ATel #1697; P. Romano, G. Cusumano (INAF-IASF Palermo), L. Sidoli, S. Vercellone(INAF-IASF Milano), E. Kuulkers (ESA/ESAC, on behalf of the INTEGRAL Galactic bulge monitoring team), J. A. Kennea(PSU), V. Mangano (INAF-IASF Palermo), H. A. Krimm (CRESST/GSFC/USRA), D. N. Burrows (PSU), N. Gehrels (GSFC)
on 4 Sep 2008; 15:17 UT
Distributed as an Instant Email Notice Request For Observations
Credential Certification: Pat Romano (romano@ifc.inaf.it)

Subjects: X-ray, Binary, Transient

Referred to by ATel #: 1929, 2463, 2820, 6227

During the monitoring of the Supergiant Fast X-ray Transient (SFXT) IGR J17544-2619 with Swift/XRT (Sidoli et al 2008a, ApJ, in press, arXiv0805.1808), we observed bright flaring activity, starting on 2008 September 4 at about 00:19:00 UT. This flare was preceded by intense activity in the previous few days as seen, e.g., in observations as part of the INTEGRAL Galactic bulge monitoring program (see ATel #1266) performed between UT 2008-08-30 00:29 to 04:11. The source was variable from pointing to pointing and reached a peak flux of about 50 mCrab (18-40 keV). The Swift/BAT did not trigger on it, so no event mode data are available.

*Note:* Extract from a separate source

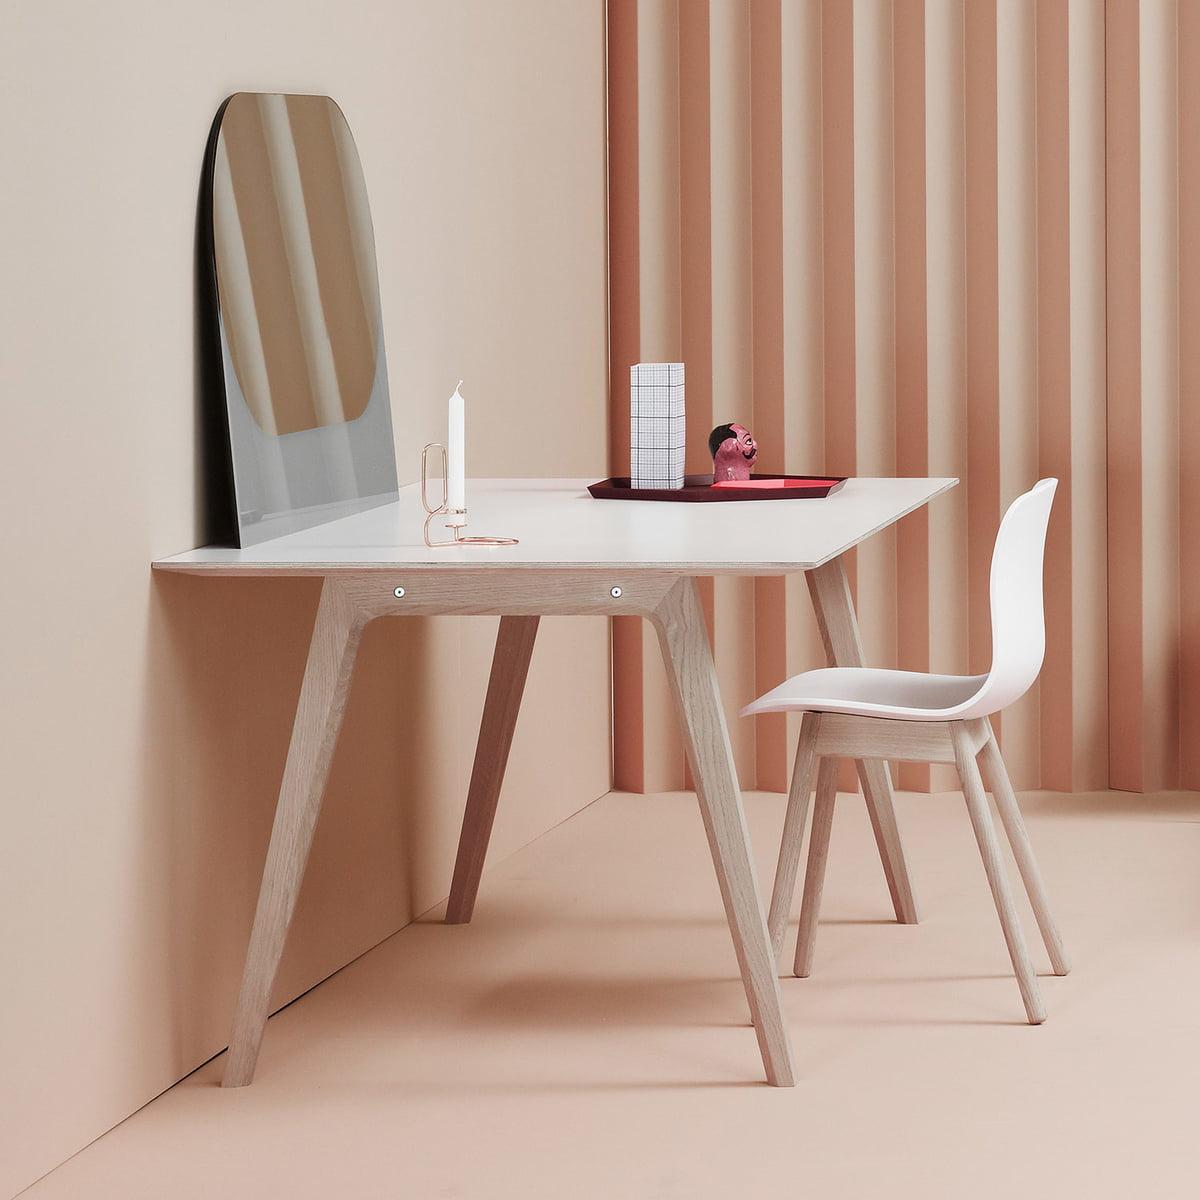 hay about a chair aac 12 - Einfache Dekoration Und Mobel Kuchenutensilien Mit Schickem Design

The XRT light curve shows a peak exceeding 20 counts/s, implying a flare brighter than the one observed with Swift on March 31, at 20:53:27 UT (Sidoli et al. 2008, ATel#1454; Sidoli et al., 2008b, ApJ, in press, arXiv0808.3085).

The XRT spectrum (WT data, integration time of 217 s) can be fitted with an absorbed power law (chi2_red=1.265 for 81 dof), resulting in a photon index of 1.3+/-0.2, an absorbing column density of NH=1.8 (+0.4,-0.3)E+22 cm-2, and an average flux of ~8E-10 erg/cm2/s (2-10 keV, unabsorbed).

The fainter X-ray emission (PC data, integration time of ~630 s) shows a power law spectrum with the following parameters: NH=1.4 (+0.7 -0.5)E+22 cm-2, photon index of 0.8 (+0.4,-0.3) (chi2_red=1.394 for 21 dof) and an average flux of ~2E-10 erg/cm2/s (2-10 keV, unabsorbed).

We would like to thank the Swift Team for making these observations possible, in particular the duty scientists as well as the science planners, and the untiring work of the INTEGRAL Galactic bulge monitoring team.